Romero: An underappreciated biopic

Some of these films can be off the wall and zany, others are more straightforward and serious. It is the latter treatment which most biopics are treated including, in this case the life of Oscar Romero the archbishop of San Salvador from 1976? until his death in 1980.

The film stars Raul Julia in what is perhaps his most unusual, yet nonetheless, one of his most powerful roles as an actor. The film follows Romero shortly before his installation as archbishop of San Salvador, he is seen as an influential figure and one which the people respect. When he becomes archbishop it is hoped that this will lesson his influence and mean that he settles into a quiet religious life. Up until now Romero has been seen as a thorn in the side of the authorities and they hope that his new role will mean that he will feel unable to speak out against the violence and poverty which is rife in El Salvador at this time. This does not happen however and Romero soon finds himself at odds with the military authorities in the country.
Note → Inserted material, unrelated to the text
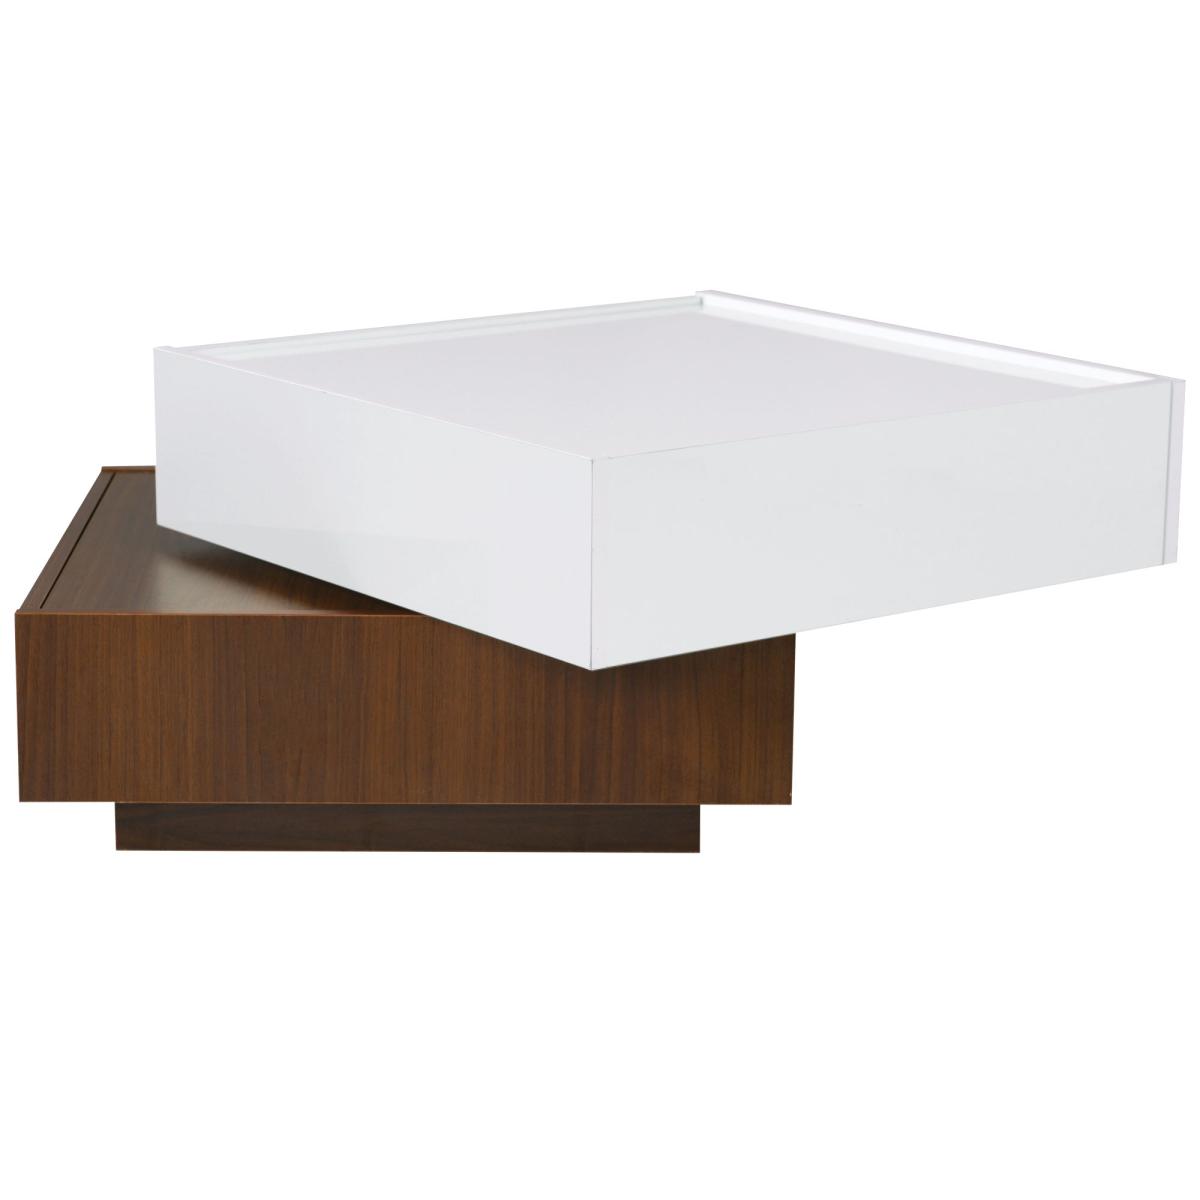 ON-TREND Multi-functional Square 360°Rotating Coffee Table with 2 Drawers, High Gloss 2-Tier Center Table with Swivel Tabletop and Storage, Walnut Table Frame Side Table for Living Room, White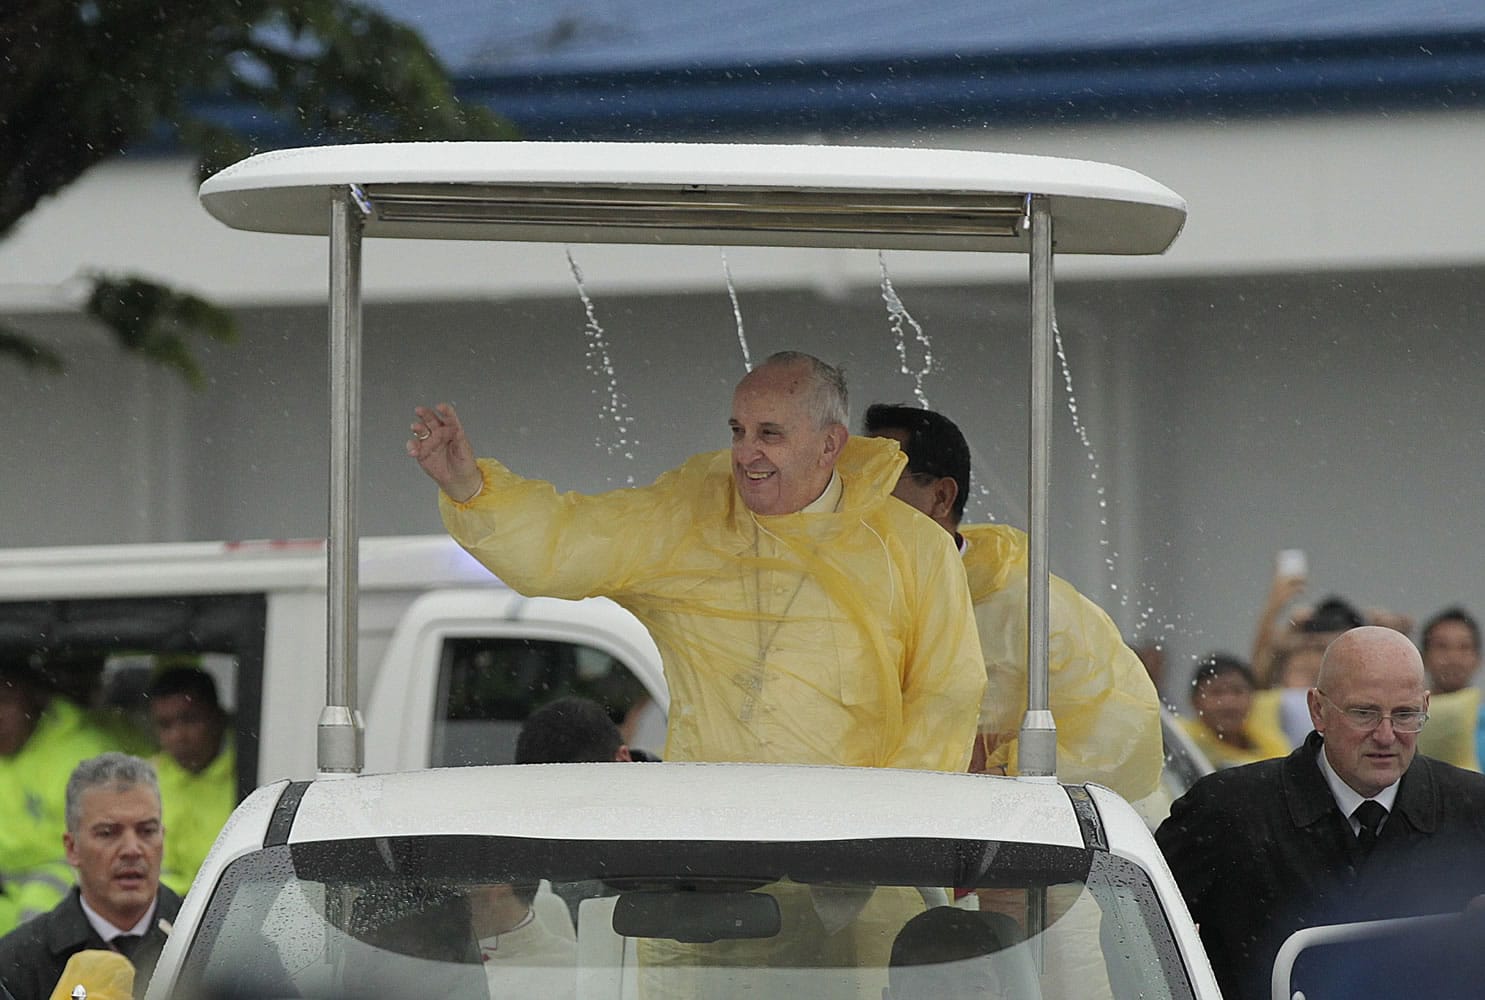 Pope Francis waves to the faithful on his arrival in Tacloban, Philippines, as rain drips from the roof of his vehicle.

Alongside Raul Julia are other familiar faces including Richard Jordon, known for roles in such films as The Hunt for Red October and Tony Plans, who spent almost an entire lifetime playing near anonymous villians and bit-parts in various TV shows throughout the 80’s and 90’s before landing the role of Betty Suarez’s father in Ugly Betty.

With this in mind it is perhaps surprising therefore that Julia is expected to carry this film quite so much, and he does it abley so as he portrays a spiritual leader who leads his people in the fight of a lifetime, for the soul of his country.

Often stark and graphically (but not gratuitously) violent, the film gives the audience just enough detail about the political background of El Salvador to understand Romero’s story without getting sidetracked by background issues.

As a result this allows the narrative to flow smoothly and makes for a film which the viewer can enjoy and understand both for the political aspects of El Salvador as well as the spiritual life which Oscar Romero lead and the philosophies which guided Oscar Romero. Before watching this film this particular reviewer had only a vague knowledge of who Oscar Romero was. This film does enough to peek interest in both Romero and the country (and people) he loved.